8. A food dehydrating apparatus according to claim 7, wherein the supporting plate (304) is rotatably connected to a plurality of second rotating shafts (301), a plurality of press rolls (302) are respectively provided on the plurality of second rotating shafts (301), and the sloping plate (4) and the supporting plate (304) are parallel to the second conveyor belt (303).

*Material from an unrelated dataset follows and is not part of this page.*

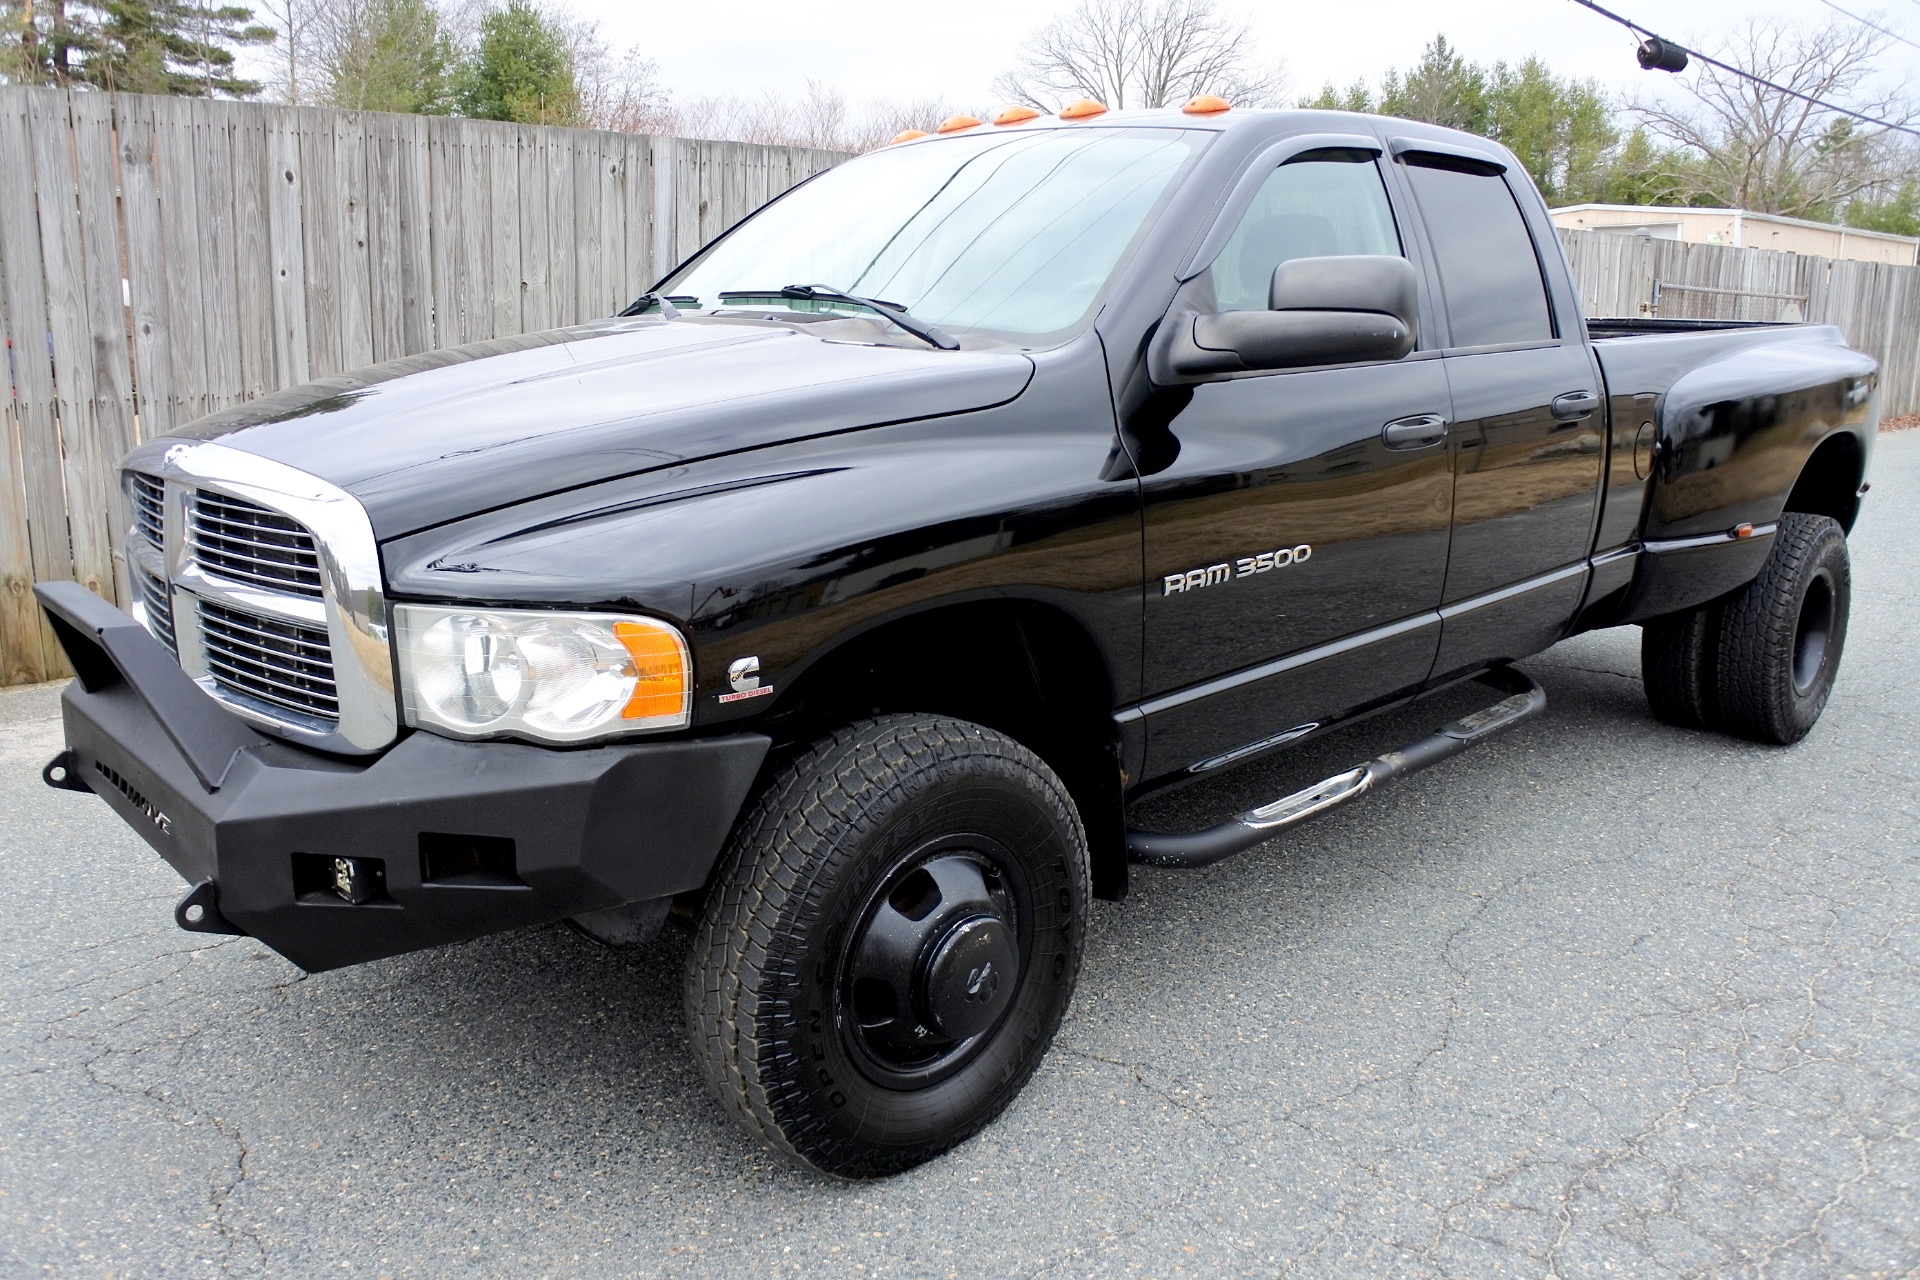 Used 2005 Dodge Ram 3500 4dr Quad Cab 160.5' WB DRW 4WD ST For Sale  ($19,900) | Metro West Motorcars LLC Stock #822580

9. The food dehydration apparatus according to claim 8, wherein the outer wall of the housing (1) is provided with a first motor (2) and a second motor (3), the output end of the first motor (2) is provided with a first rotating shaft (201), the first rotating shaft (201) is provided with a rotating roller (202), the first conveyor belt (203) is arranged on the rotating roller (202), the inner wall of the housing (1) is further provided with an auxiliary plate (205) corresponding to the first conveyor belt (203), both side walls of the first conveyor belt (203) are provided with barrier strips (204), and the second rotating shaft (301) is arranged at the output end of the second motor (3).

10. The food dewatering device according to claim 1, characterized in that the second vertical plate (501) is provided with a through hole (502), a supporting block (504) is fixedly connected between the partition plate (503) and the inner wall of the shell (1), the filter screen (505) is placed on the supporting block (504), the shell (1) is provided with a rotating door (506) corresponding to the filter screen (505), the shell (1) is also provided with supporting legs (102), and a placing plate (103) is arranged between the supporting legs (102) and the outer wall of the shell (1).